Home >> Publications >> 正文

Bioinformatics | Our Liu Lei's team and Yang Zhihao's team (Dalian University of Technology) completed the construction and inference of multimodal specific disease knowledge graph SDKG-11
November 19, 2022

On February 12, 2022, the journal Bioinformatics published the “Multimodal reasoning based on knowledge graph embedding for specific diseases” online. This paper presents a complete construction and inference process of the multimodal specific disease knowledge graph. Doctoral students Zhu Chaoyu and Xia Xiaoqiong from Liu Lei's team are this paper's first and third authors. Professor Yang Zhihao and his doctoral student Li Nan (Dalian University of Technology) are the second and fourth authors. Professor Liu Lei and Associate Professor Zhong Fan are the co-corresponding authors.



Knowledge Graph (KG) is a way to store knowledge, it represents facts in the real world through a large number of triplets (head entity, relation and tail entity). KG is widely used in the biomedical field to predict drug-target interactions and adverse drug reactions, and also to construct clinical decision support systems.

Most existing biomedical KGs focus on a particular entity type, but few KGs focus on specific diseases. We consider 11 diseases in this work, including 5 cancers and 6 non-cancer diseases. After collecting relevant abstracts from PubMed by keywords, Yang Zhihao's team obtained the original triplets through named entity recognition and relationship extraction. SDKG-11 was constructed by fine-grained matching of entity and relation, which can represent the existing knowledge set of these specific diseases.



Since new biomedical knowledge is being presented every day, almost all constructed biomedical KGs are incomplete. Therefore, reasoning new knowledge by the existing knowledge is a universal idea. Knowledge Graph Embedding (KGE) maps entities and relations into a low-dimensional vector space, using simple mathematical calculations instead of explicitly defining the reasoning process, which has recently emerged as a paradigm for KG reasoning. Liu Lei's team combined the embedding of three modals of KGE structure, category and description by the reverse-hyperplane projection to define the multimodal scoring function.

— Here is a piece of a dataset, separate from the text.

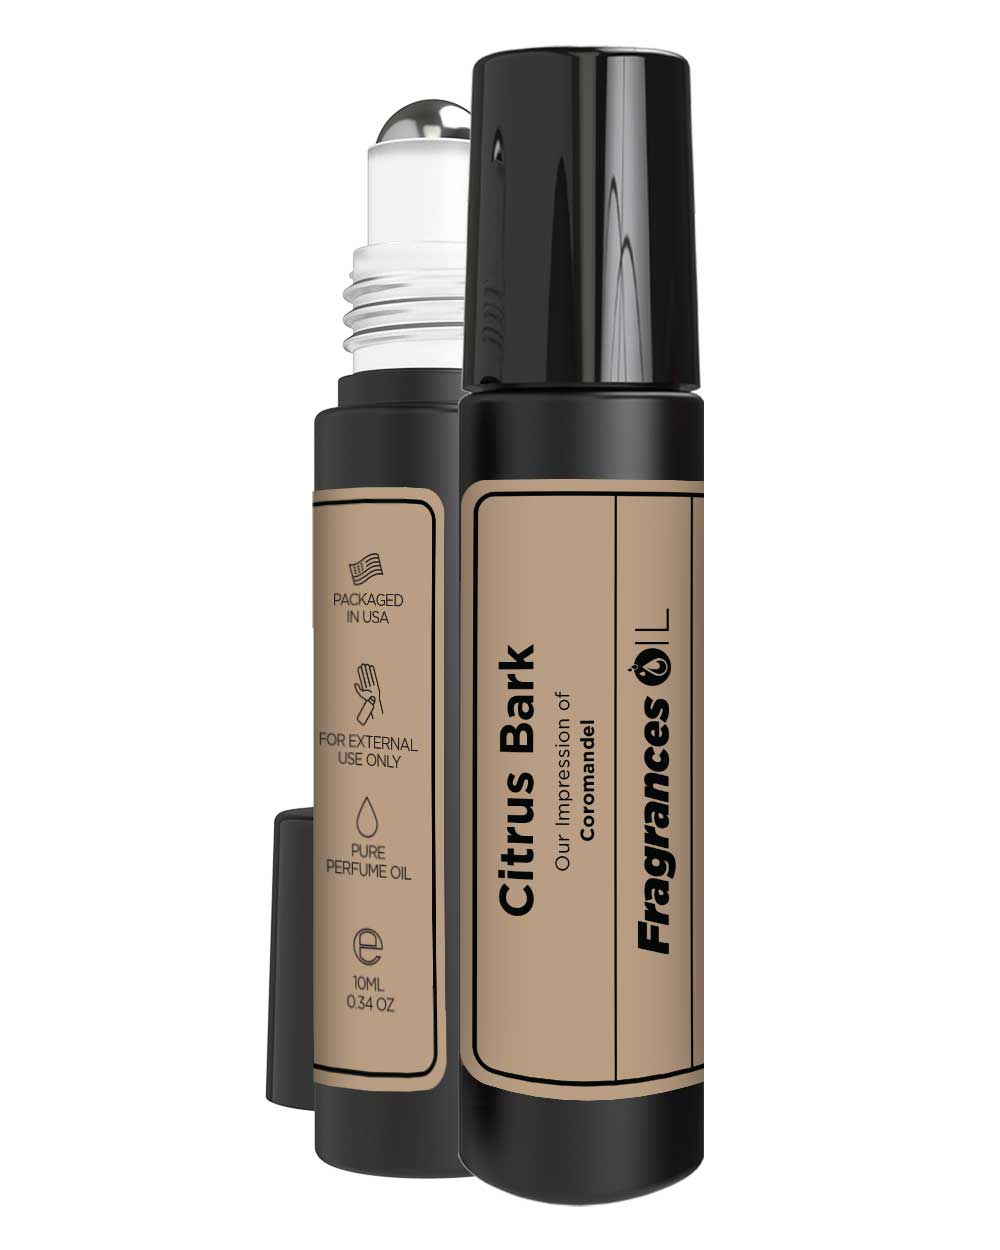 Buy Chanel - Coromandel for Women Perfume Oil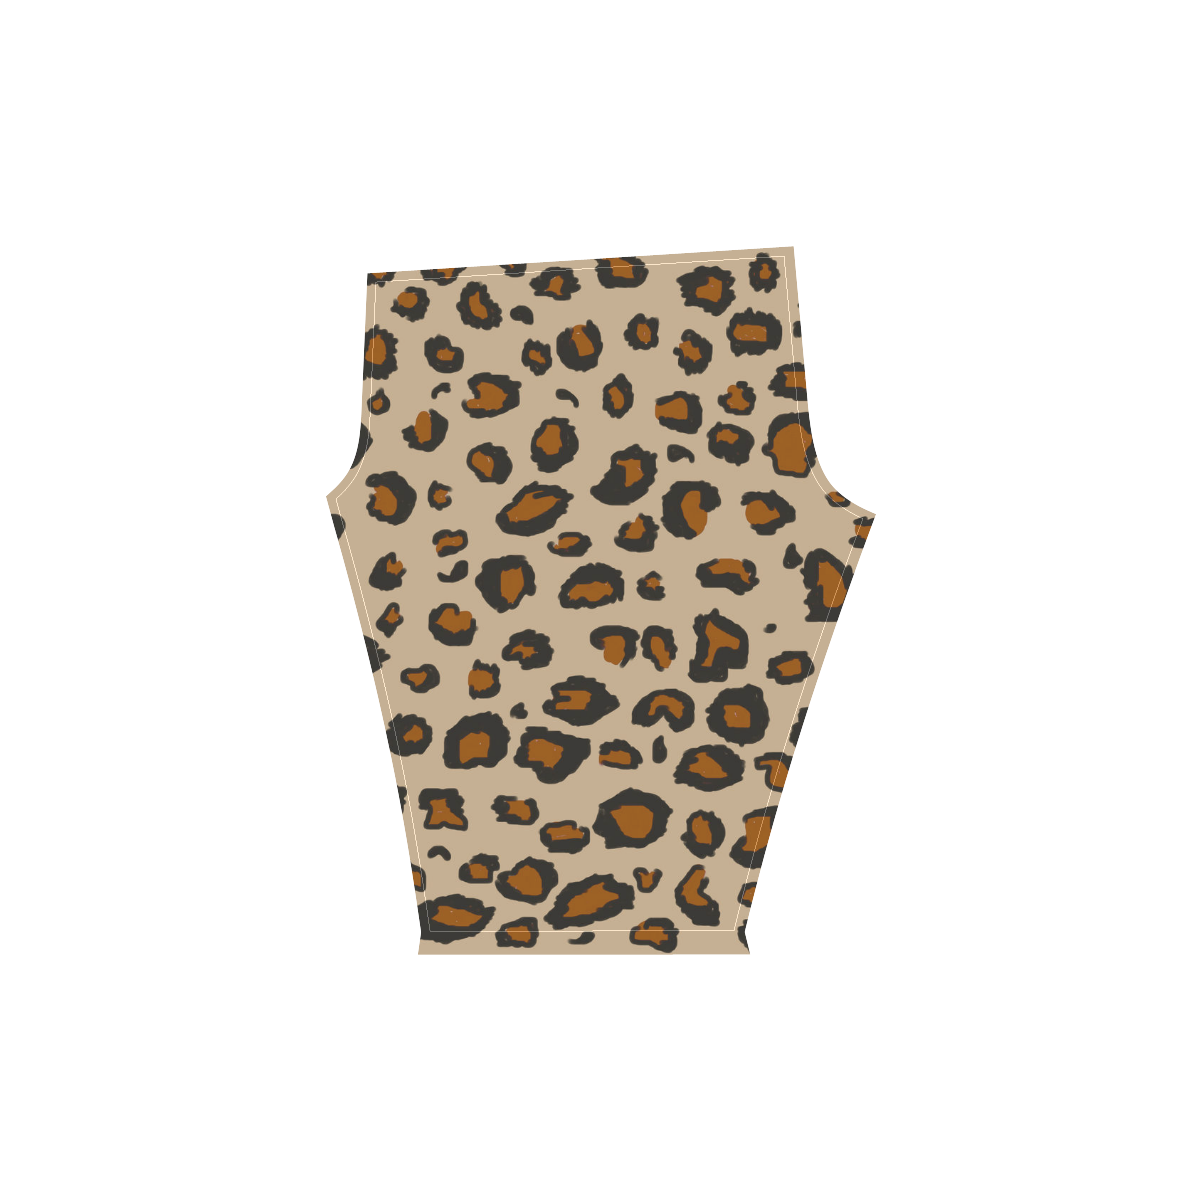 Leopard Print Women's Low Rise Capri Leggings (Invisible Stitch) (Model L08)

By defining a scoring function, they obtained the top-ranked drug-gene, gene-disease, and disease-drug pairs. They then verify the model’s reliability by manually proofreading predicted entity pairs. Using embedding results as initialization parameters for the biomolecular interaction classification, they demonstrate the universality of embedding models. This paper completed the multimodal reasoning for SDKG-11, wish to generate new knowledge sets that are valuable for scientific research and clinical decision making.